[Start of Attachment]

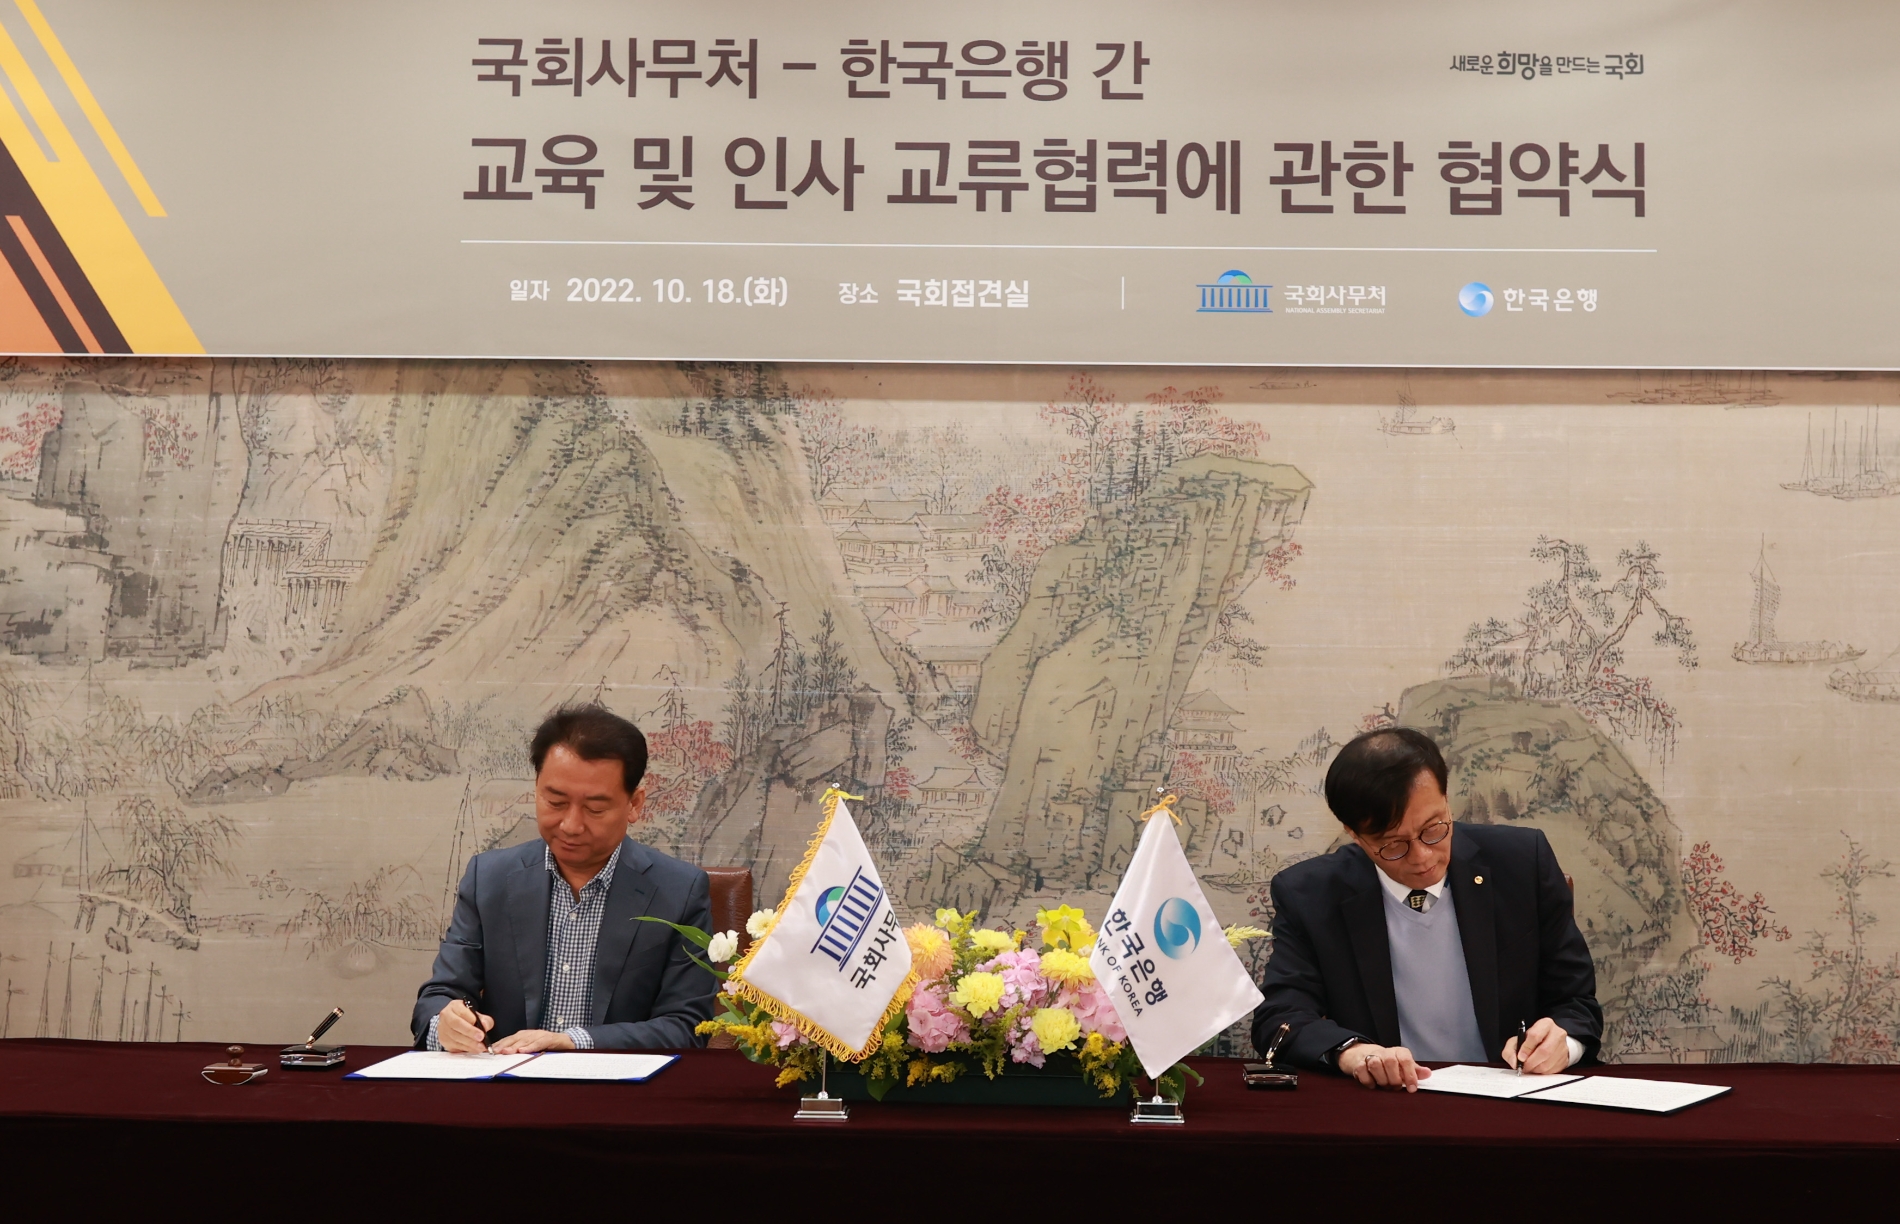 한국은행(총재 이창용)은 18일 국회에서 국회사무처(사무총장 이광재)와 경제교육 및 인사 교류협력을 위한 업무협약(MOU)을 체결했다. / 사진제공= 한국은행(2022.10.18)
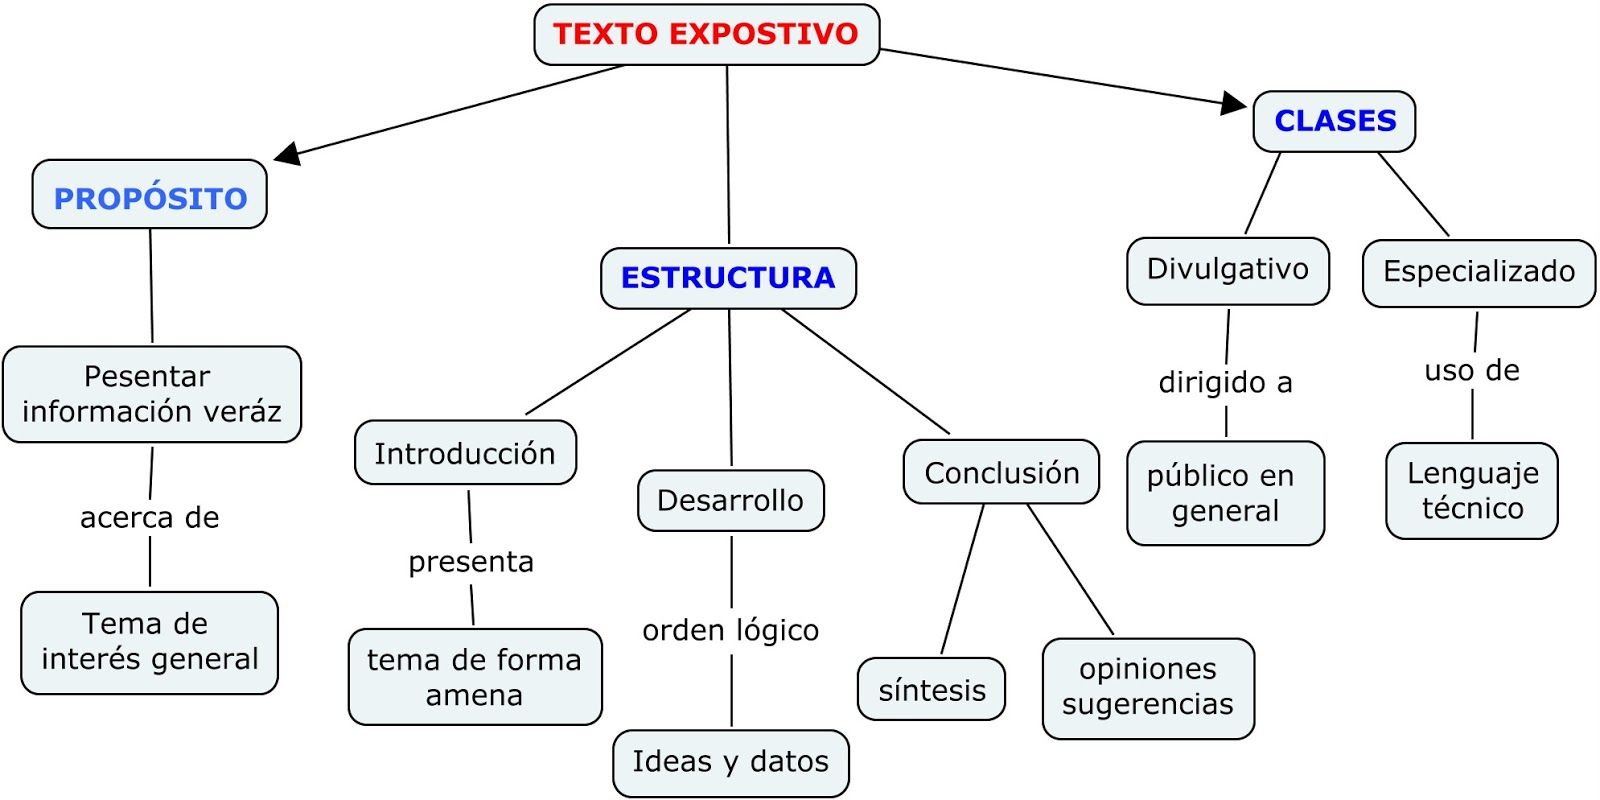 Textos Expositivos su contenido y estructura formal.
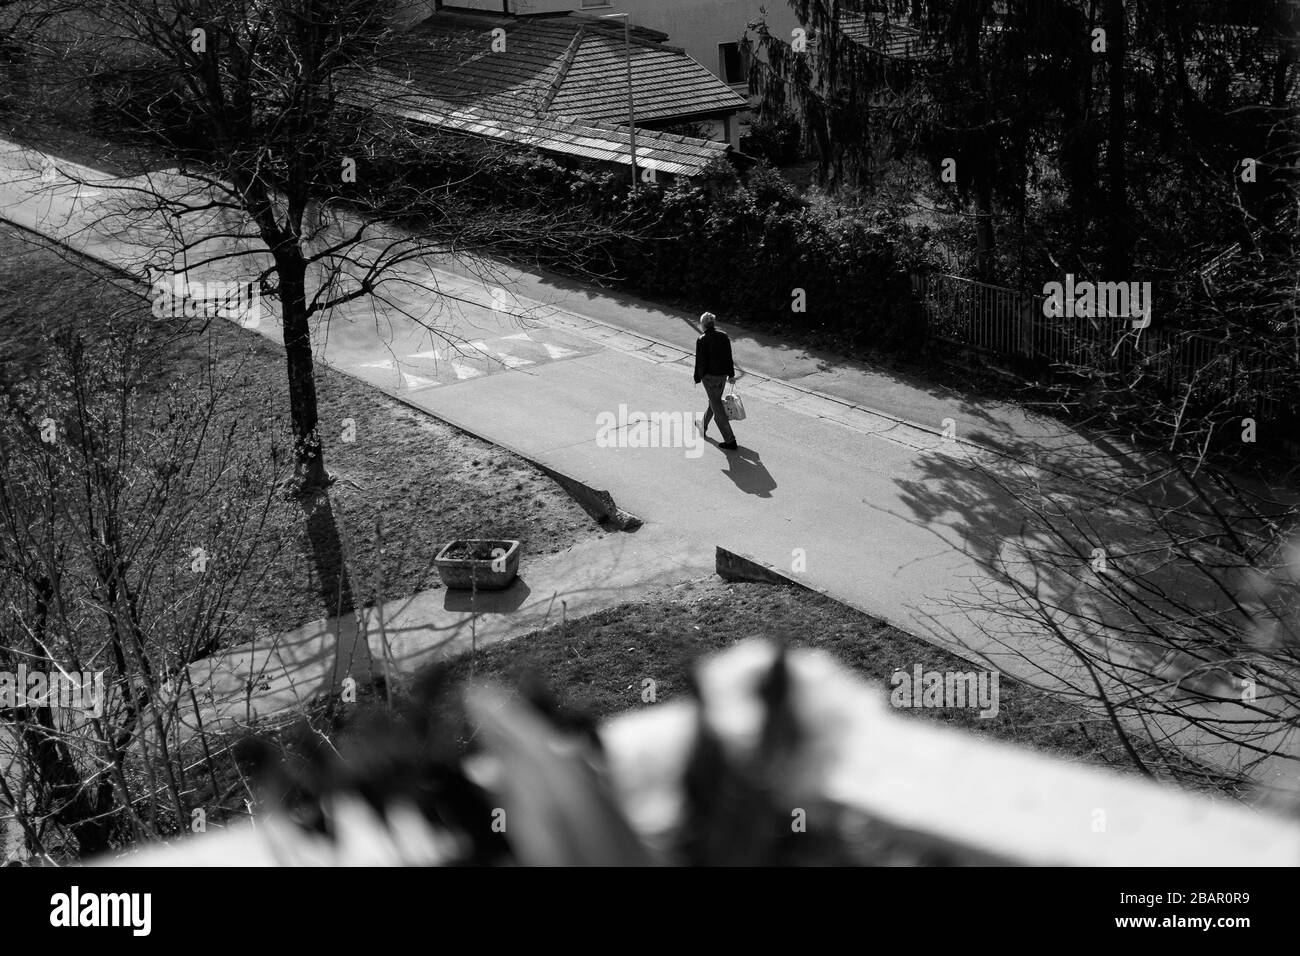 Kranj, Slowenien, 21. März 2020: Ein Mann, der vom Lebensmittelgeschäft zurückkehrt, läuft während des Coronavirus-Ausbruchs landesweit eine leere Straße hinunter. Stockfoto
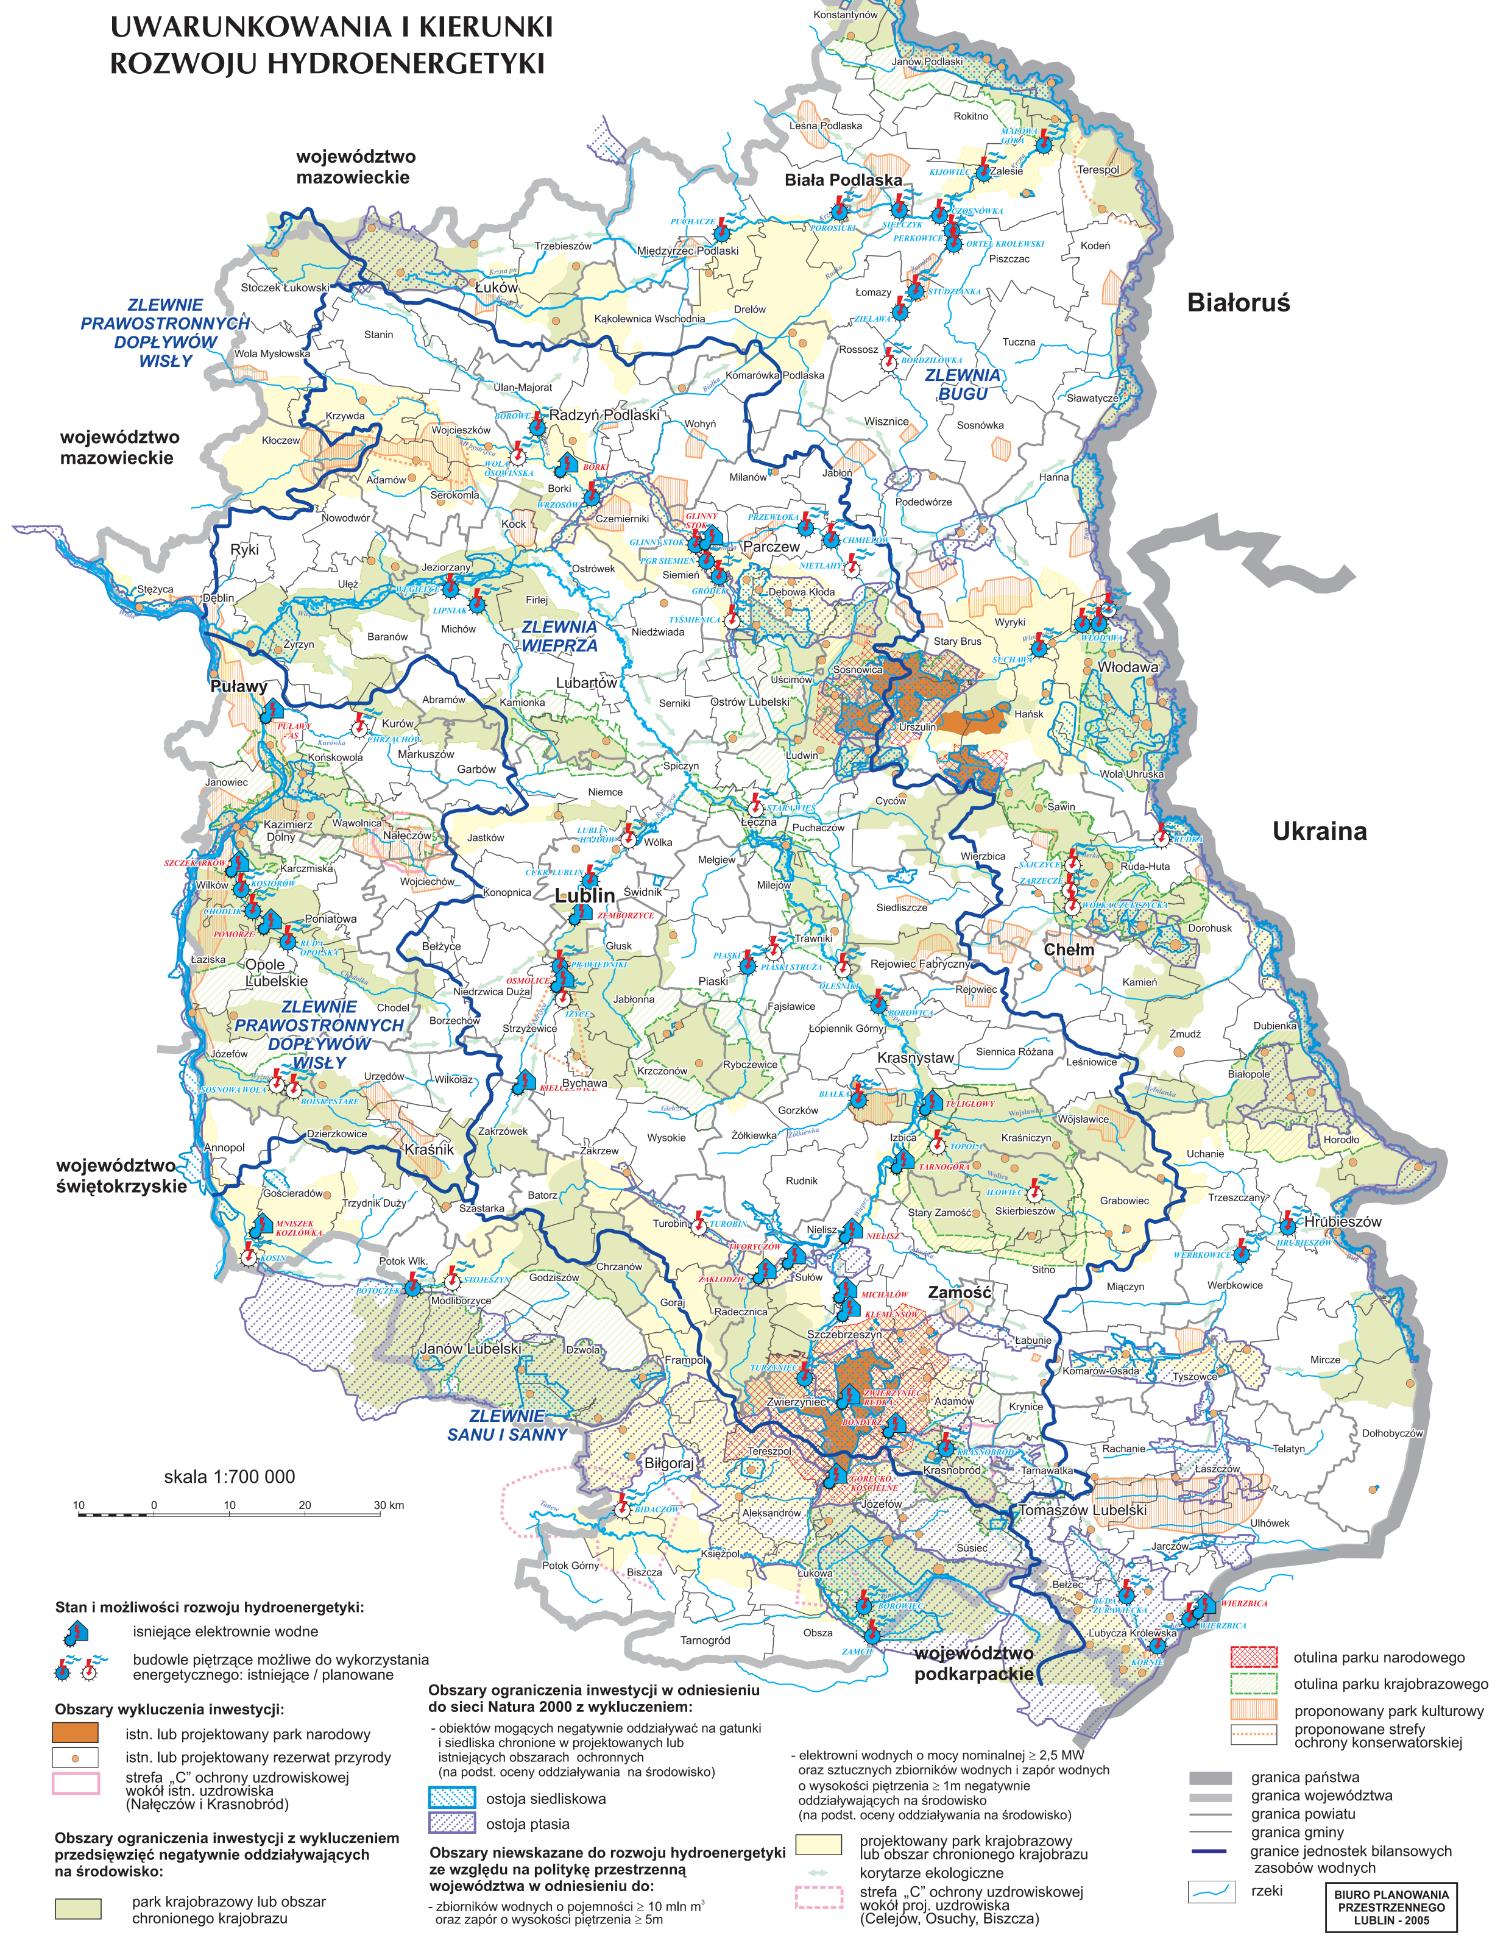 energii wodnej (hydroenergetyki) w województwie lubelskim. PRZESTRZEŃ I ŚRODOWISKO Mapa 21.

[End of Attachment]

- **PROMPT**: Strip out the pictures and reproduce the remaining material above exactly.

- **SOLUTION TO THE PROBLEM**:
 한국은행(총재 이창용)은 18일 국회에서 국회사무처(사무총장 이광재)와 경제교육 및 인사 교류협력을 위한 업무협약(MOU)을 체결했다. / 사진제공= 한국은행(2022.10.18)
 Textos Expositivos su contenido y estructura formal.
 Kranj, Slowenien, 21. März 2020: Ein Mann, der vom Lebensmittelgeschäft zurückkehrt, läuft während des Coronavirus-Ausbruchs landesweit eine leere Straße hinunter. Stockfoto
 energii wodnej (hydroenergetyki) w województwie lubelskim. PRZESTRZEŃ I ŚRODOWISKO Mapa 21.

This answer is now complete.